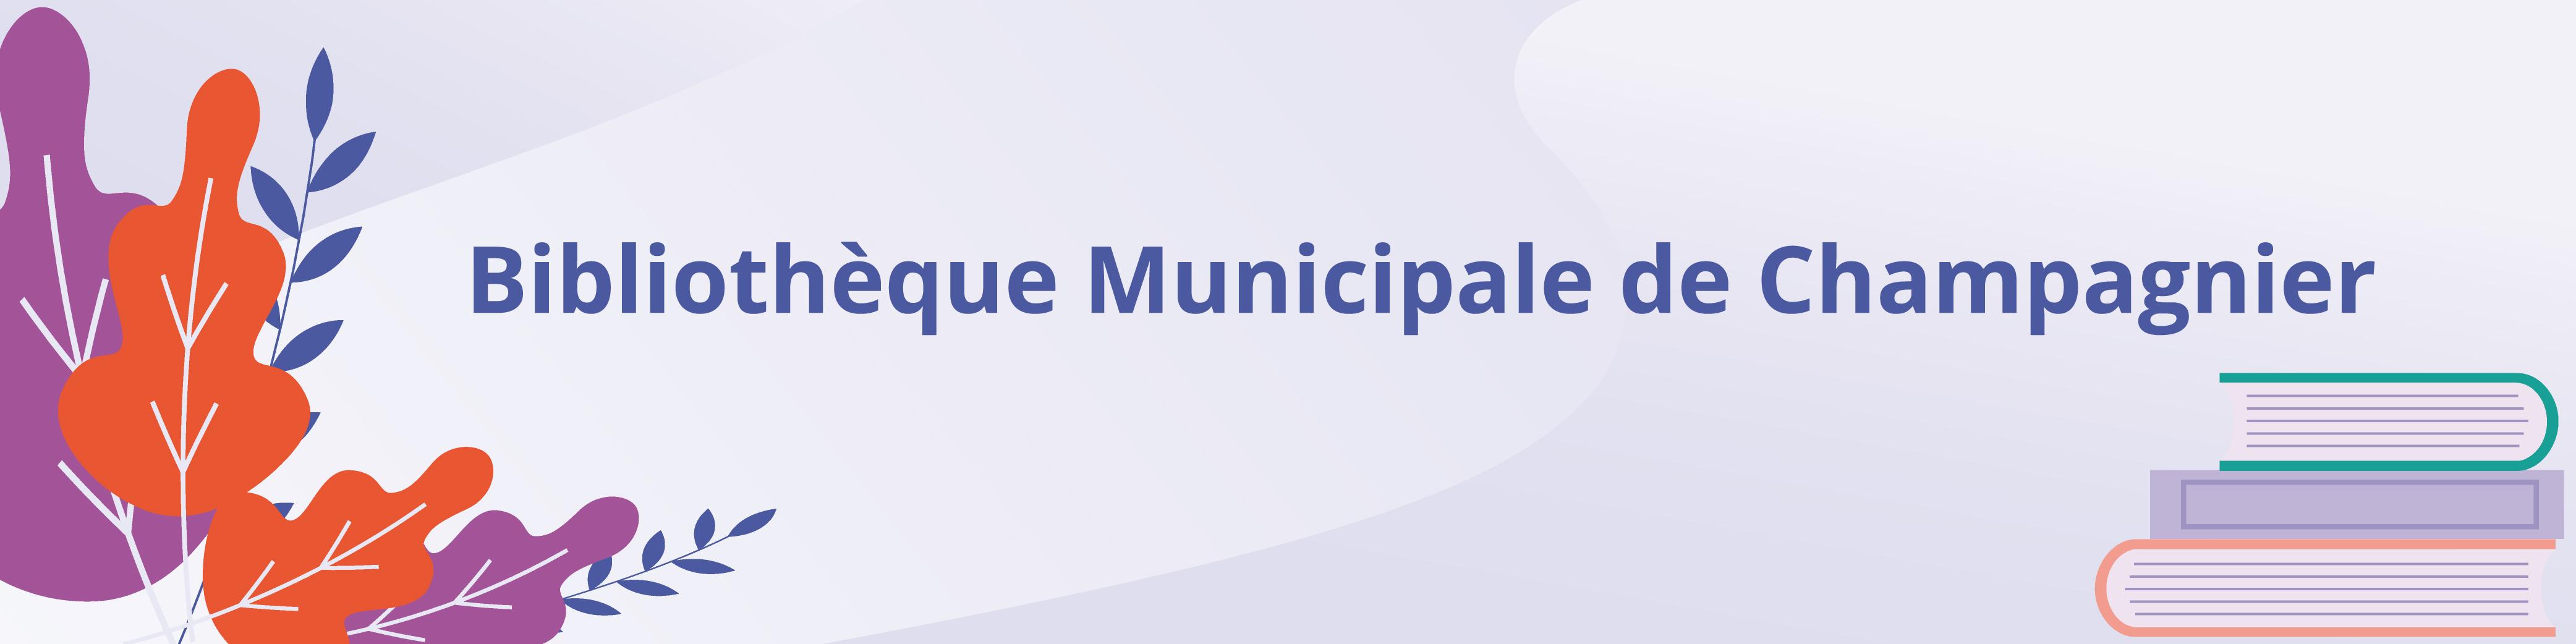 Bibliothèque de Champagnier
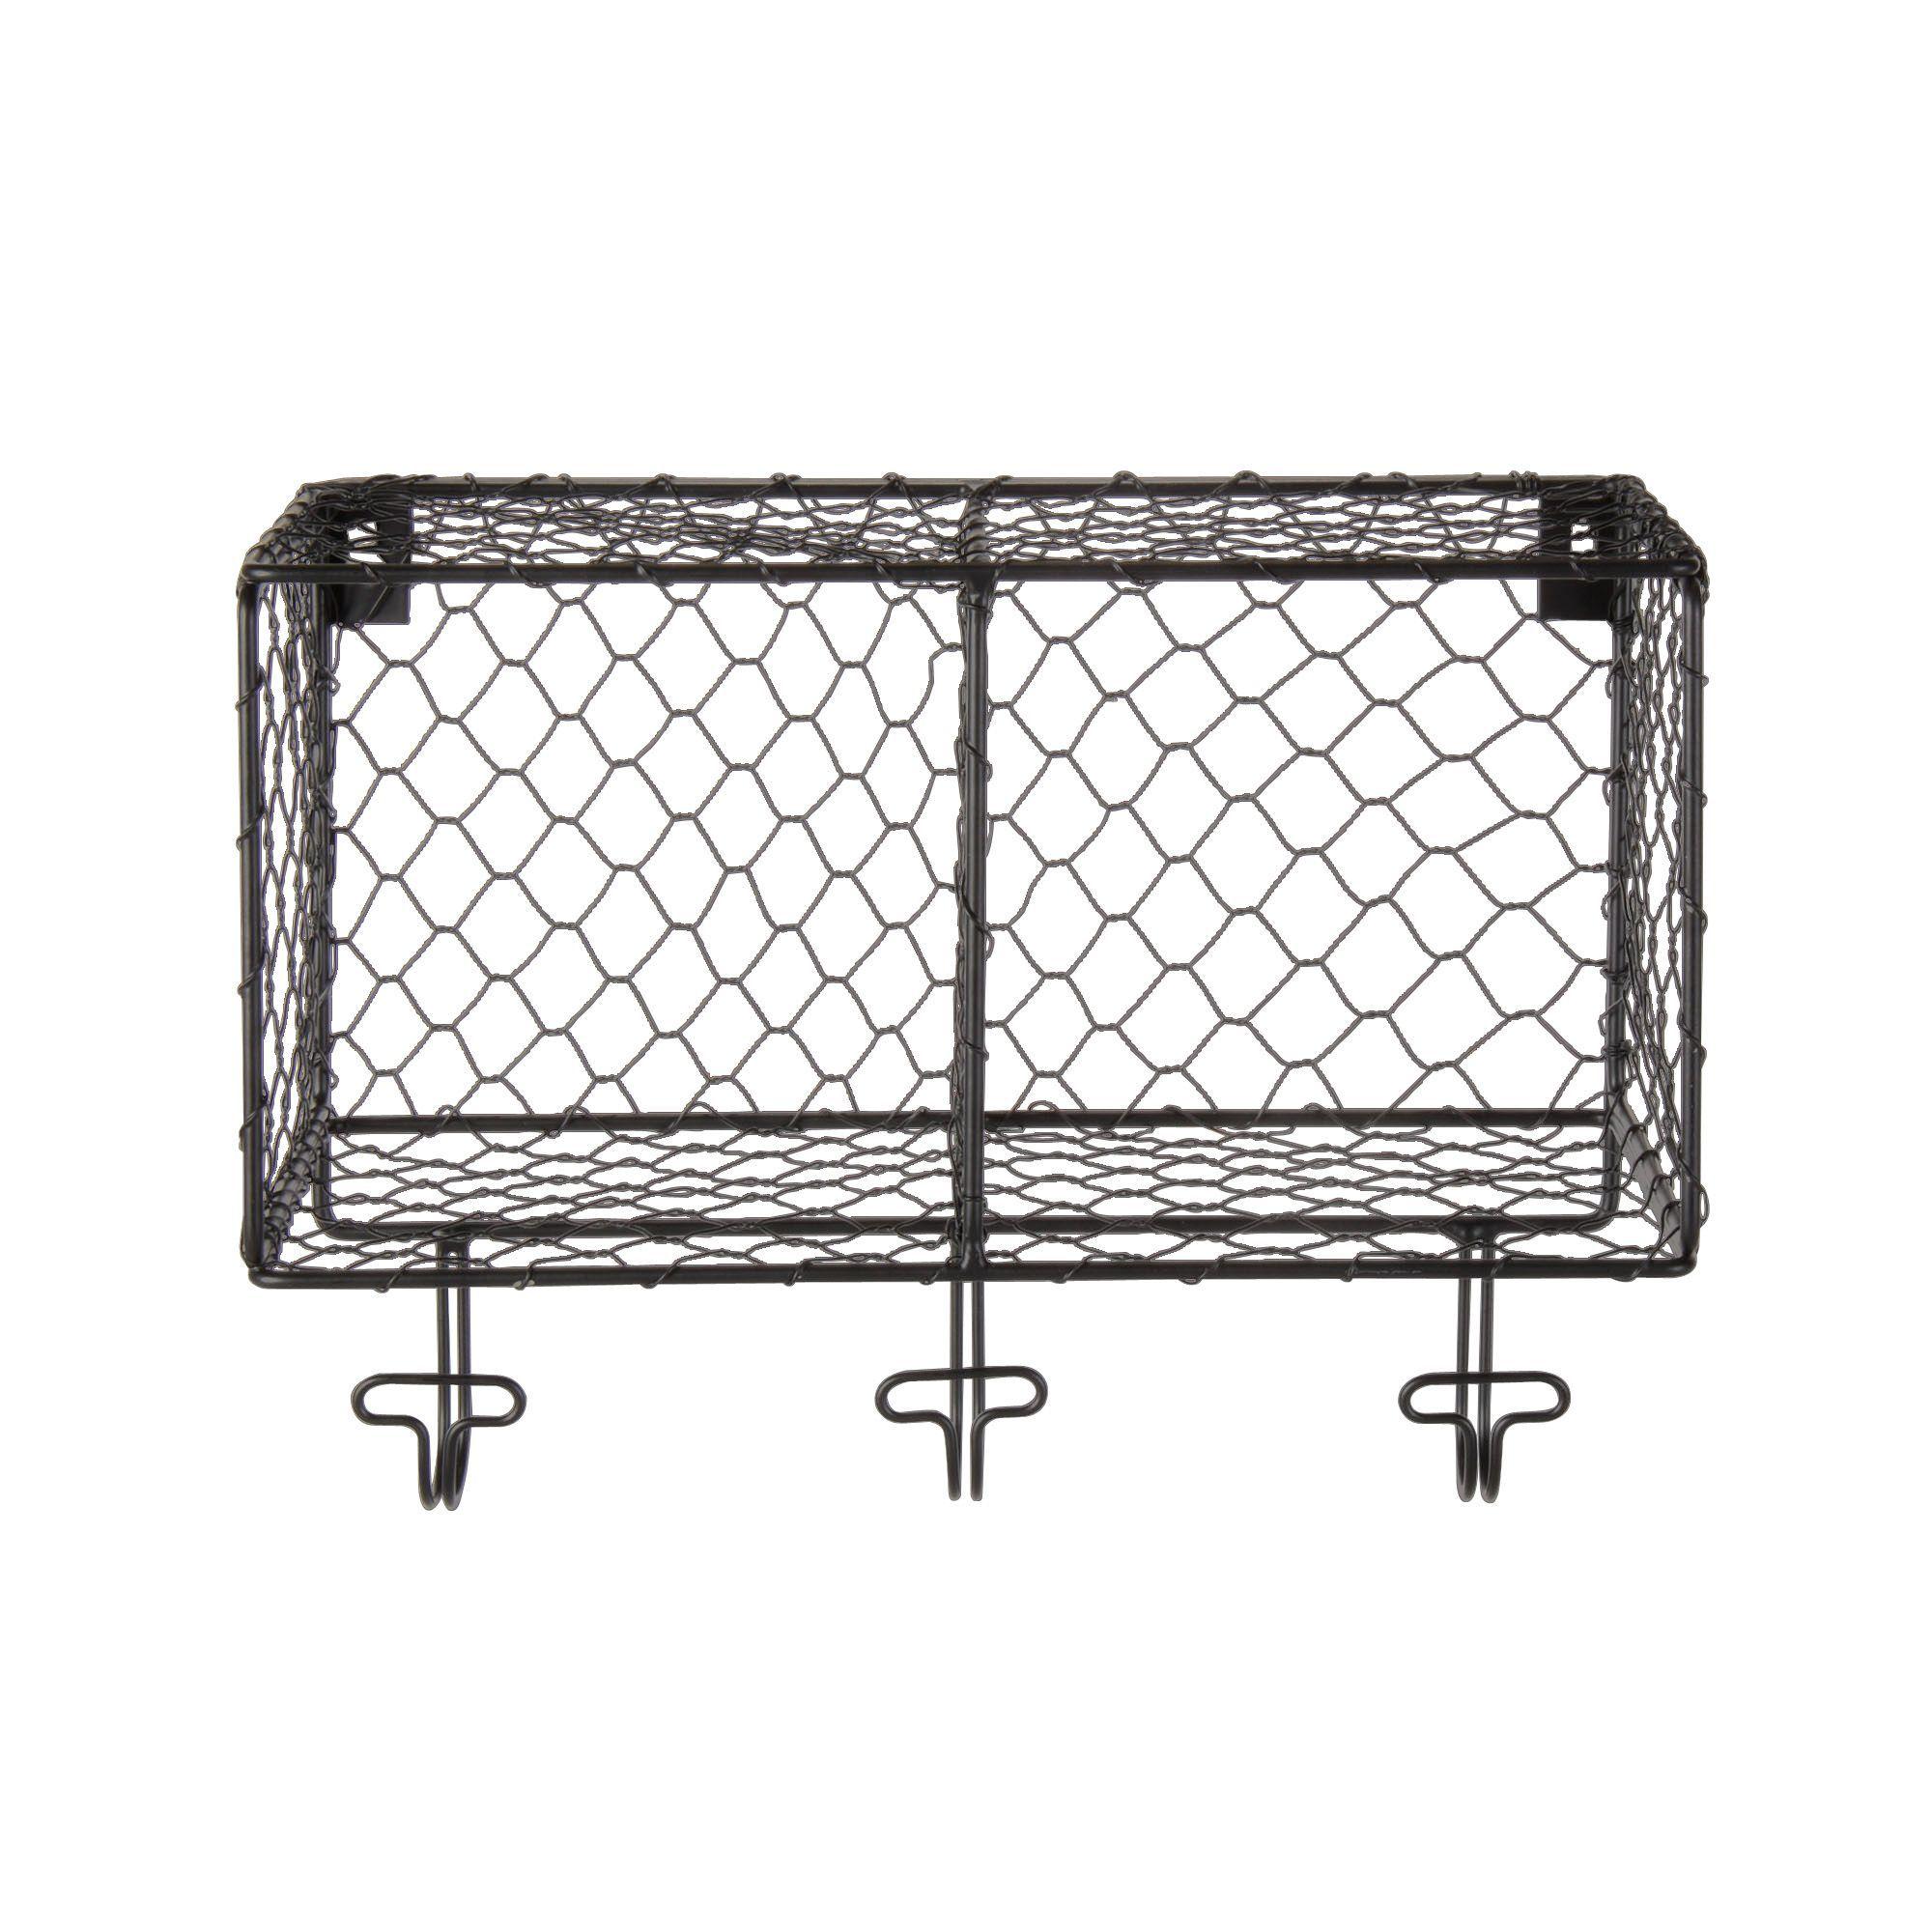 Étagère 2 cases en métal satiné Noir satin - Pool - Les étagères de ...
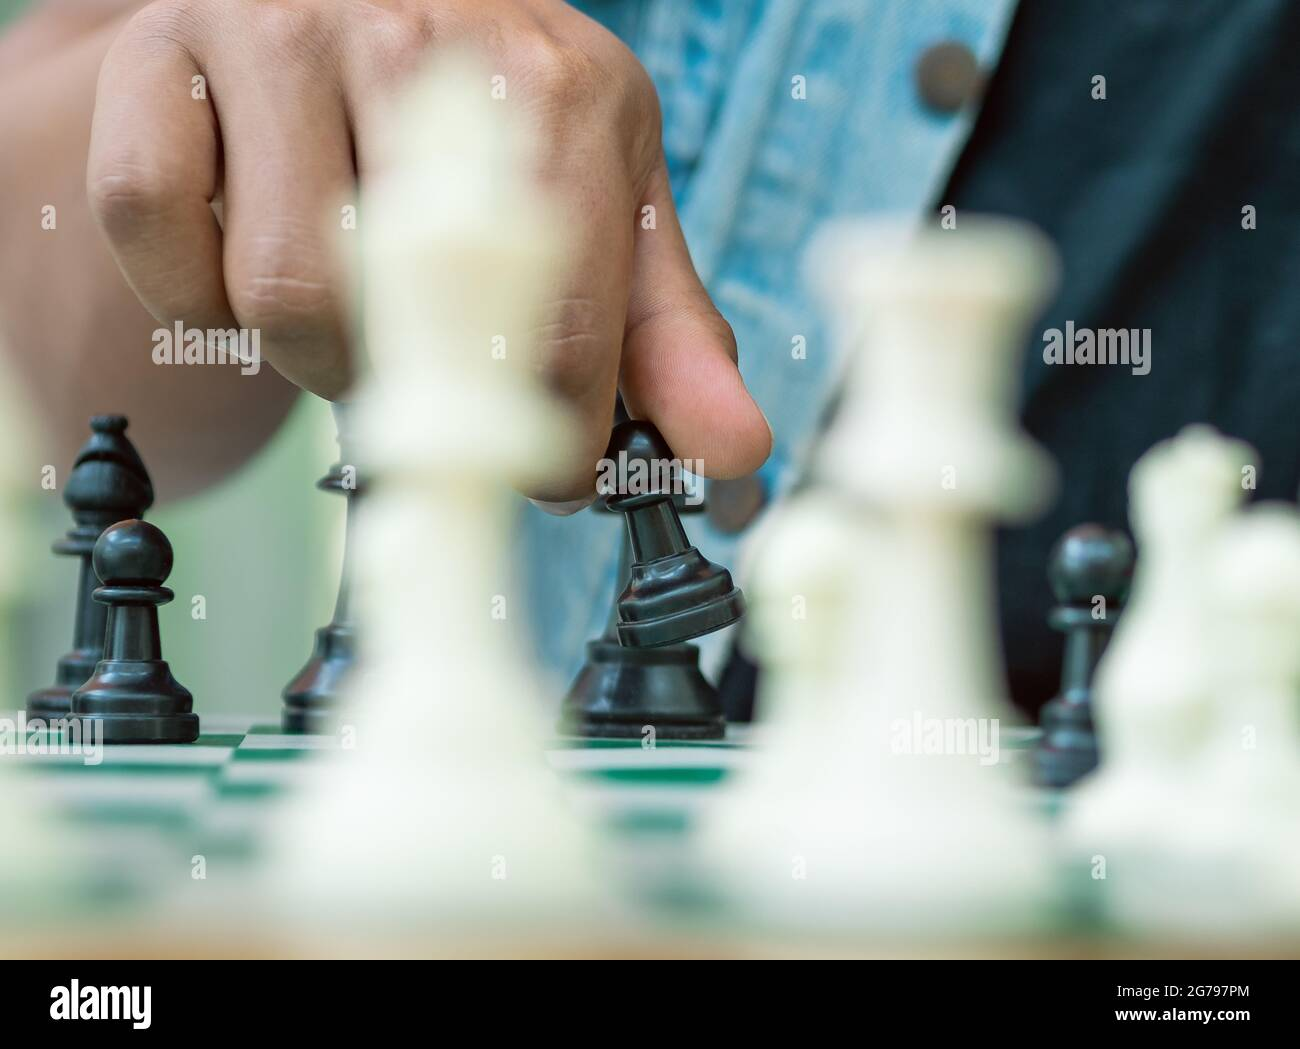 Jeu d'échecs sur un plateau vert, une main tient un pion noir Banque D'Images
───
§ **Aim of the exercise**
Your task is to quote exactly the lines from the one with "Étagère 2 cases" through the end of the material, both included, without reproducing any pictures.

§ **Completed exercise**
 Étagère 2 cases en métal satiné Noir satin - Pool - Les étagères de ...
 Jeu d'échecs sur un plateau vert, une main tient un pion noir Banque D'Images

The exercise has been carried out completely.